Third Party Risk Management

• Identify and manage risks associated with third-party vendors as part of the organization's IT risk management.
• Conduct third-party risk assessments and ensure all vendors meet the company's security and compliance standards.
• Manage relationships with third-party vendors, ensuring contractual obligations related to IT governance, risk, and compliance are met.
• Develop and implement strategies to manage and mitigate third-party risks.
• Implement Third party Risk Management Workflows in a GRC tool
• Provide training and guidance to employees on third-party risk management.
• Regularly report to senior management and board of directors on third-party risk exposure.
• Stay informed about the latest advancements in third-party risk management strategies.
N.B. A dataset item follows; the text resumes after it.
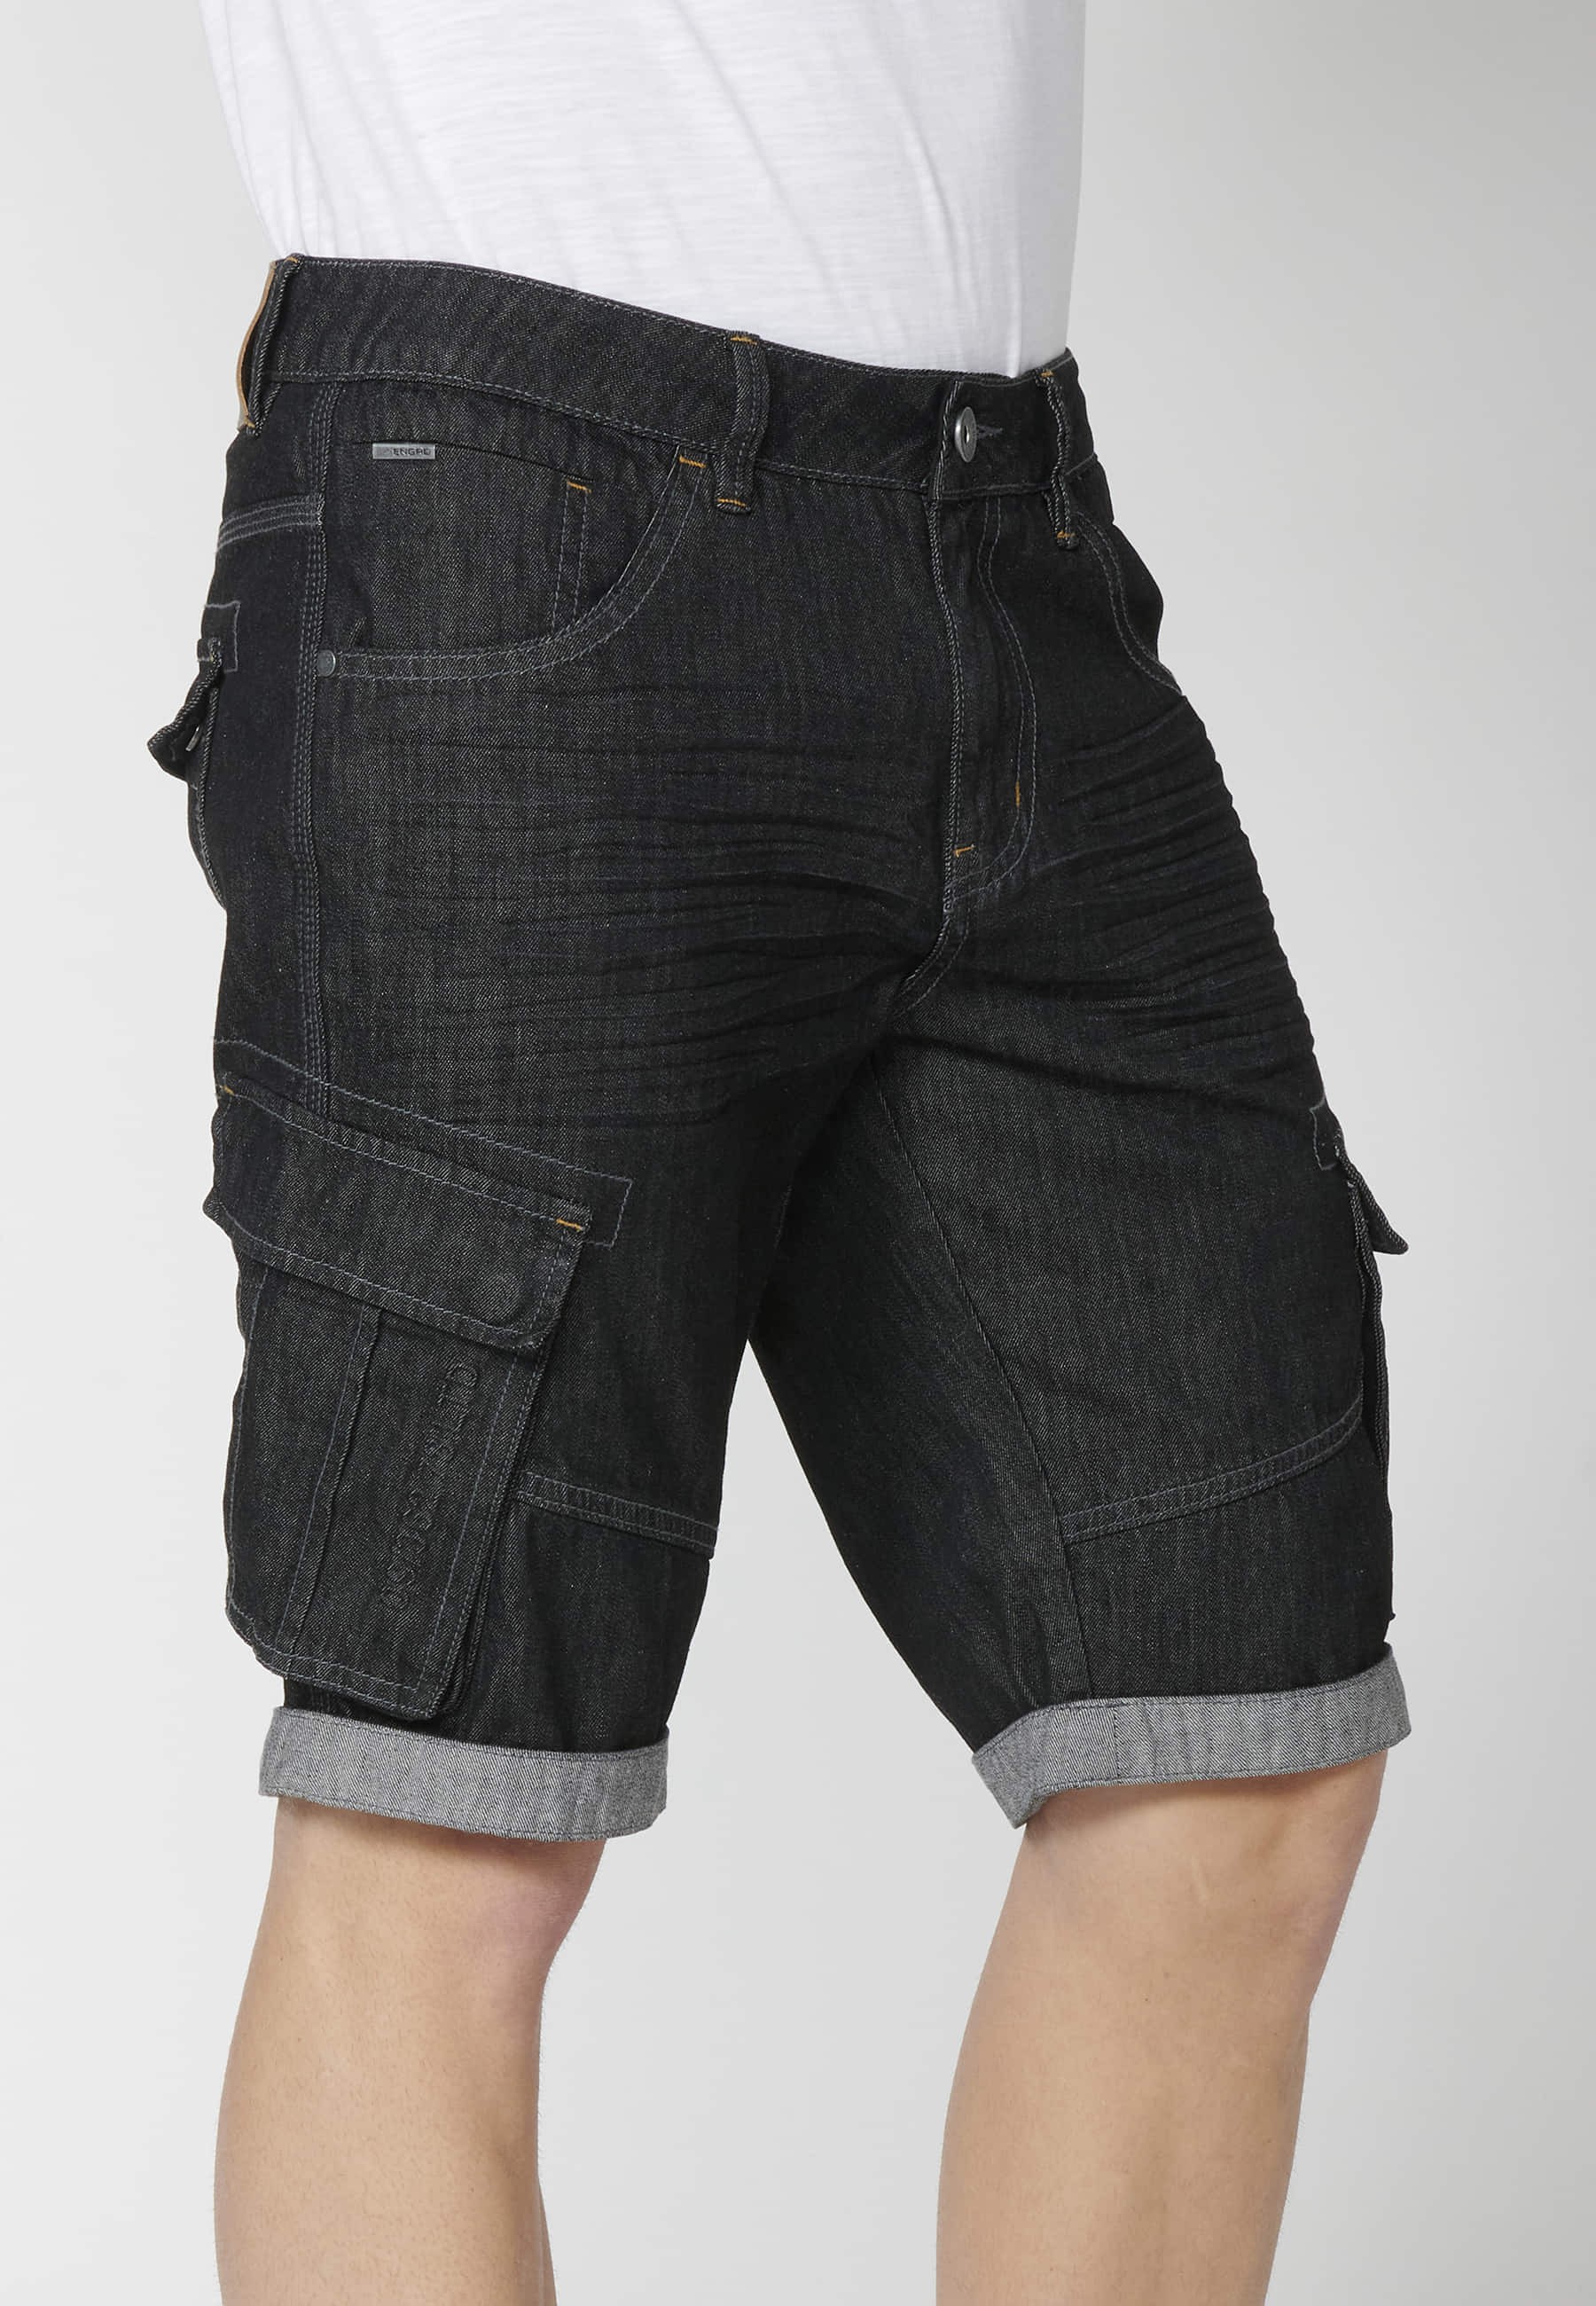 Pantalón corto Bermuda Vaquera Denim Stretch Regular Fit con cuatro bolsillos color Negro para Hombre 3
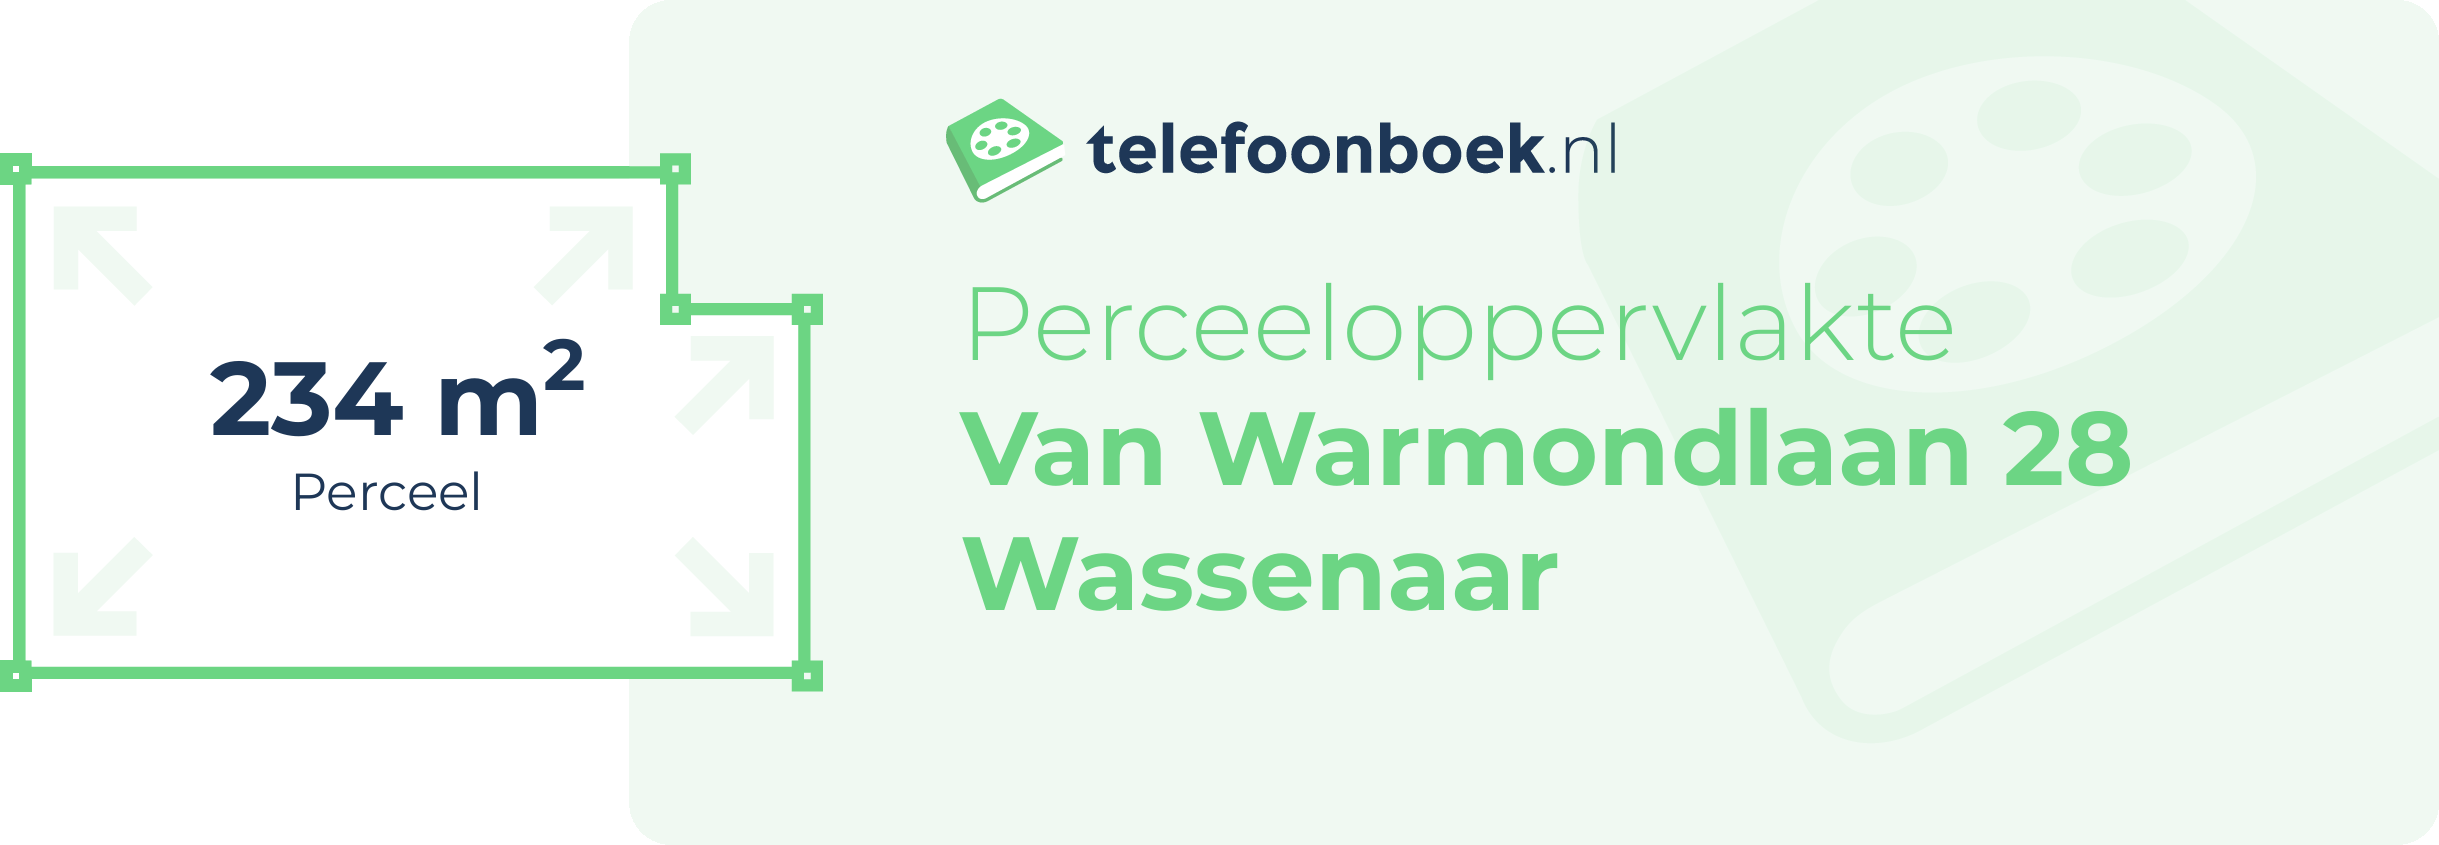 Perceeloppervlakte Van Warmondlaan 28 Wassenaar

• Cybersecurity Education & Awareness
  • Develop education & awareness strategy and program
  • Manage Phishing campaigns and associated training with continuous improvement of clicking and reporting metrics
  • Assure annual and new employee orientation is refreshed annually and effective
  • Provide public service announcements and regular touch points of security awareness to increase workforce understanding of their role related to cybersecurity
  • Measure improvements of workforce cybersecurity knowledge with KPIs

QUALIFICATIONS:

• Bachelor's Degree in Computer Science, Engineering, Business Management or other related field
• At least 8 years of experience in a Cybersecurity management role, with demonstrated expertise in cybersecurity governance, risk management, compliance, third-party risk management, and audit support.
• 8+ years of proven leadership experience with 6+ years experience managing large cross-functional teams/projects
• In-depth knowledge of IT governance and operations, including designing and implementing security policies and procedures.
• Strong understanding of risk management principles and compliance requirements related to cybersecurity and IT.
• Proficiency in managing third-party risks, including conducting risk assessments, and managing vendor relationships.
• Ability to provide training and guidance to employees on IT compliance matters, third-party risk management, and audit processes.
• Regularly reports to senior management on compliance, risk management activities, third-party risk exposure, and audit outcomes.
• Experience conducting audits, coordinating with auditors, and implementing audit recommendations.
• Experience using a GRC tool to manage Information Security Risk, Compliance and Third-Party Risk workflows.
• Broad and comprehensive knowledge of cybersecurity capabilities is required.
• Excellent leadership and team management skills.
• Strong verbal and written communication skills, with the ability to effectively communicate complex cybersecurity and IT issues and concepts to non-technical stakeholders.
• High level of analytical and problem-solving skills.
• Ability to manage multiple priorities and projects effectively.
• High ethical standards and a commitment to confidentiality and integrity

#LI-NP2

McCormick & Company is an equal opportunity/affirmative action employer.  All qualified applicants will receive consideration for employment without regard to sex, gender identity, sexual orientation, race, color, religion, national origin, disability, protected veteran status, age, or any other characteristic protected by law.

As a general policy, McCormick does not offer employment visa sponsorships upon hire or in the future.